On Earth, because the gravitational field has a small effect, this bending is minimal. Around a black hole, this deformation of space is very large. In this way, even if a part of the light emitted by a star blocked by a black hole will fall into the black hole and disappear, the other part of the light will bypass the black hole in the curved space and reach the earth. Therefore, we can effortlessly observe the starry sky behind the black hole as if the black hole does not exist. This is the invisibility of the black hole.
What’s more interesting is that not only the light emitted by some stars towards the earth can reach the earth directly, but the light emitted in other directions may also be refracted by the strong gravity of nearby black holes and reach the earth. In this way, we can not only see the "face" of the star, but also its sides and even its back at the same time!
"Black hole" is undoubtedly one of the most challenging and exciting astronomical theories of this century. Many scientists are working hard to unveil its mystery, and new theories are constantly being proposed. However, these latest results in contemporary astrophysics cannot be explained clearly in a few words here. Interested friends can refer to specialized works.
Based on composition, black holes can be divided into two major categories. One is a dark energy black hole, and the other is a physical black hole. Dark energy black holes are mainly composed of huge dark energy rotating at high speed, and there is no huge mass inside them. The huge dark energy rotates at a speed close to the speed of light, and a huge negative pressure is generated inside it to swallow objects, thus forming a black hole. For details, please see the "Cosmic Black Hole Theory". Dark energy black holes are the basis for the formation of galaxies, as well as the formation of star clusters and galaxy clusters. A physical black hole is formed by the collapse of one or more celestial bodies and has a huge mass. When the mass of a physical black hole is equal to or greater than the mass of a galaxy, we call it a singularity black hole. Dark energy black holes are very large and can be as large as the solar system. But the volume of a physical black hole is very small, and it can shrink to a singularity.
Black hole accretion
Black holes are usually discovered because they gather gas around them to produce radiation, a process called accretion. The efficiency of high-temperature gas radiating thermal energy will seriously affect the geometric and dynamic characteristics of the accretion flow. Thin disks with higher radiative efficiency and thick disks with lower radiative efficiency have been observed. As accreting gas approaches the central black hole, the radiation they produce is extremely sensitive to the black hole's rotation and the existence of an event horizon. Analysis of the luminosity and spectrum of accreting black holes provides strong evidence for the existence of rotating black holes and event horizons. Numerical simulations also show that the relativistic jets that often occur in accreting black holes are partly driven by the black hole's rotation.
Astrophysicists use the word "accretion" to describe the flow of matter toward a central gravitational body or central extended matter system. Accretion is one of the most common processes in astrophysics, and it is responsible for many of the common structures around us. In the early universe, galaxies formed when gas flowed toward the center of a gravitational potential well created by dark matter. Even today, stars are formed by the collapse and fragmentation of gas clouds under their own gravity, and then by accreting surrounding gas. Planets - including Earth - also form from the accumulation of gas and rock around newly formed stars. But when the central object is a black hole, accretion is at its most spectacular.

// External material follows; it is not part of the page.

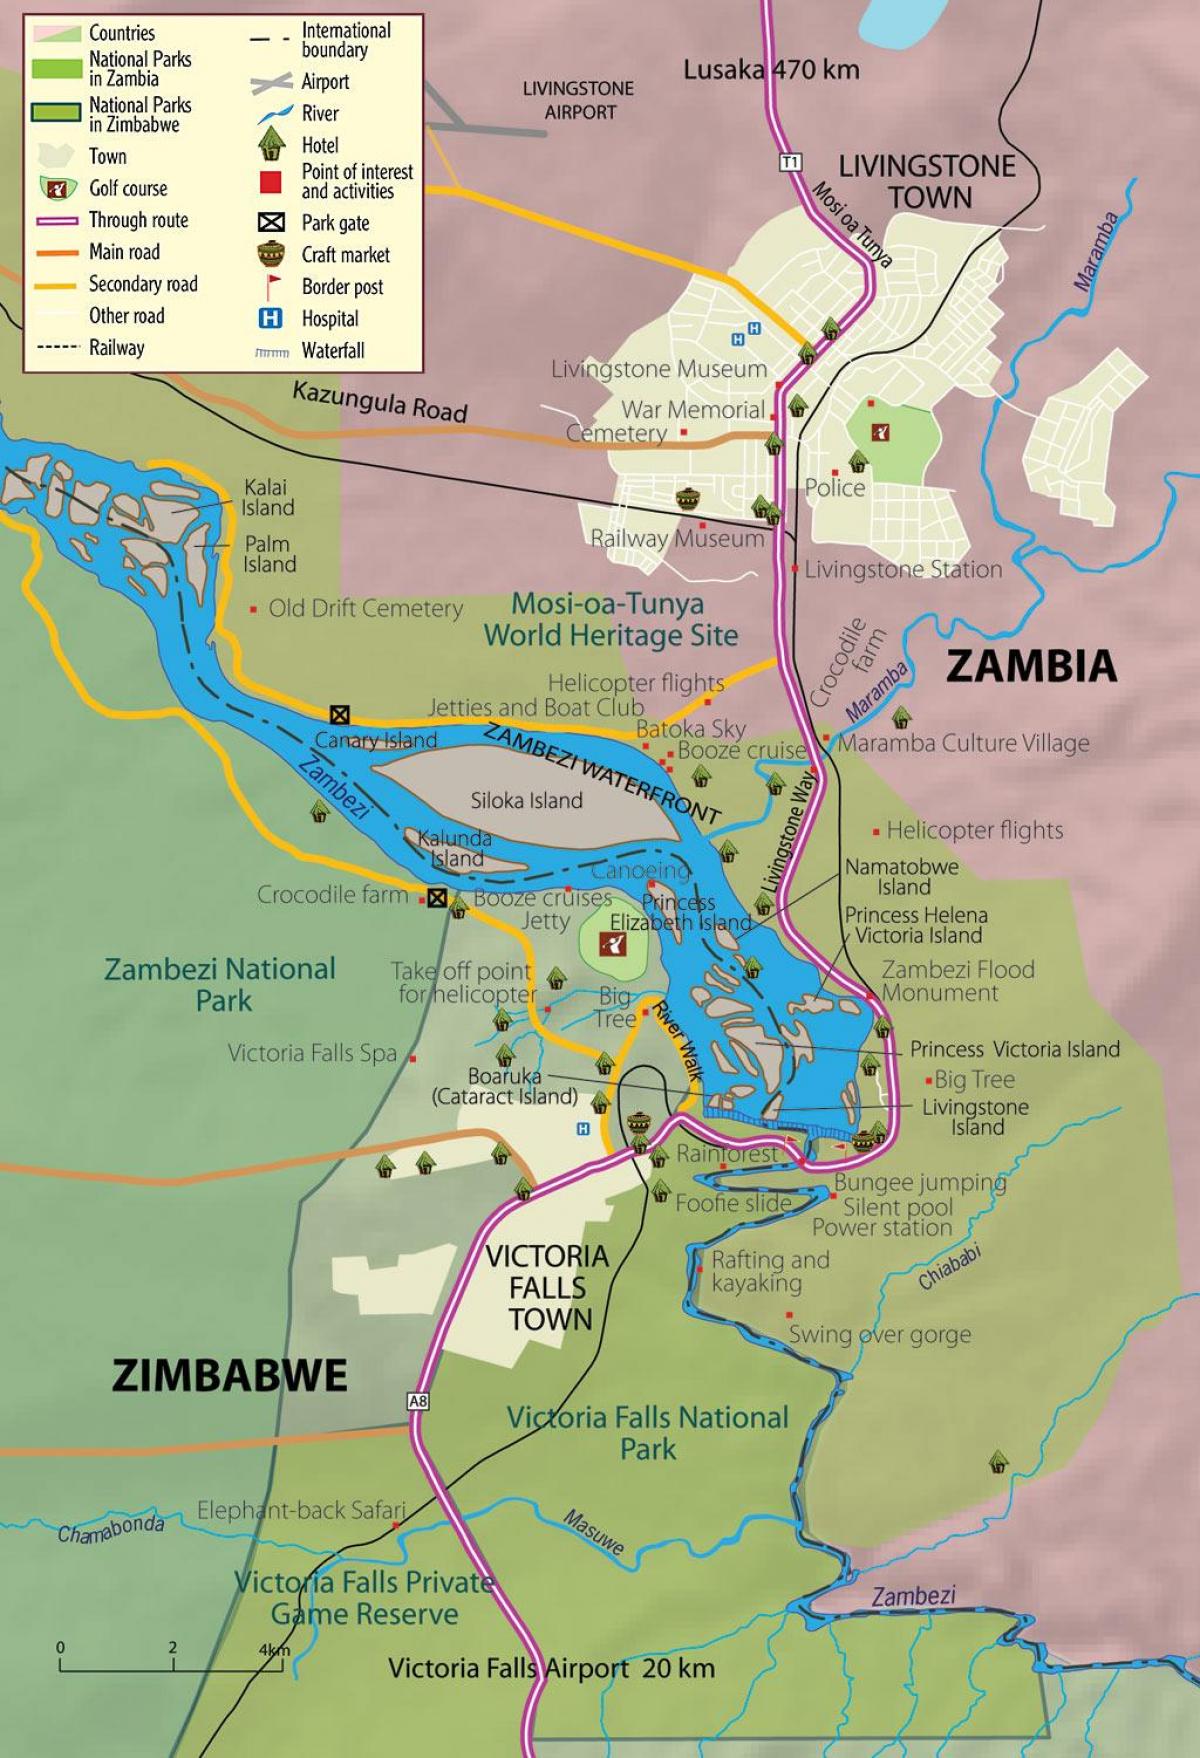 քարտեզ քաղաքի Livingstone Զամբիա

However, the black hole does not absorb everything, it also emits protons to the outside.
Exploding black hole
The black hole will emit dazzling light and shrink in size , or even explode. When British physicist Stephen Hawking created this language in 1974, the entire scientific community was shocked. Black holes were once considered to be the final settlement of the universe: nothing can escape from black holes. They swallow up gas and stars, and their mass increases, so the size of the hole will only increase. Hawking's theory is a leap of thinking driven by inspiration. He combined general relativity and quantum theory. He found that the gravitational field around the black hole releases energy while consuming the black hole's energy and mass. This "Hawking radiation" is negligible for most black holes, while small black holes radiate energy at an extremely high speed until the black hole's explode.
The wonderful shrinking black hole
When a particle escapes from a black hole without repaying the energy it borrowed, the black hole loses the same amount of energy from its gravitational field, and Einstein's formula E=mc^2 shows that the loss of energy results in the loss of mass. Therefore, the black hole will become lighter and smaller.
Boil until destruction
All black holes evaporate, but large black holes boil more slowly, and their radiation is very weak, making them difficult to detect. But as the black hole gets smaller, this process accelerates and eventually gets out of control. When a black hole becomes weak, the gravitational force will also become steeper, producing more escape particles, and the more energy and mass will be robbed from the black hole. The black hole enlarges faster and faster, causing the evaporation rate to become faster and faster, and the surrounding halo becomes brighter and hotter. When the temperature reaches 10^15℃, the black hole will be destroyed in an explosion.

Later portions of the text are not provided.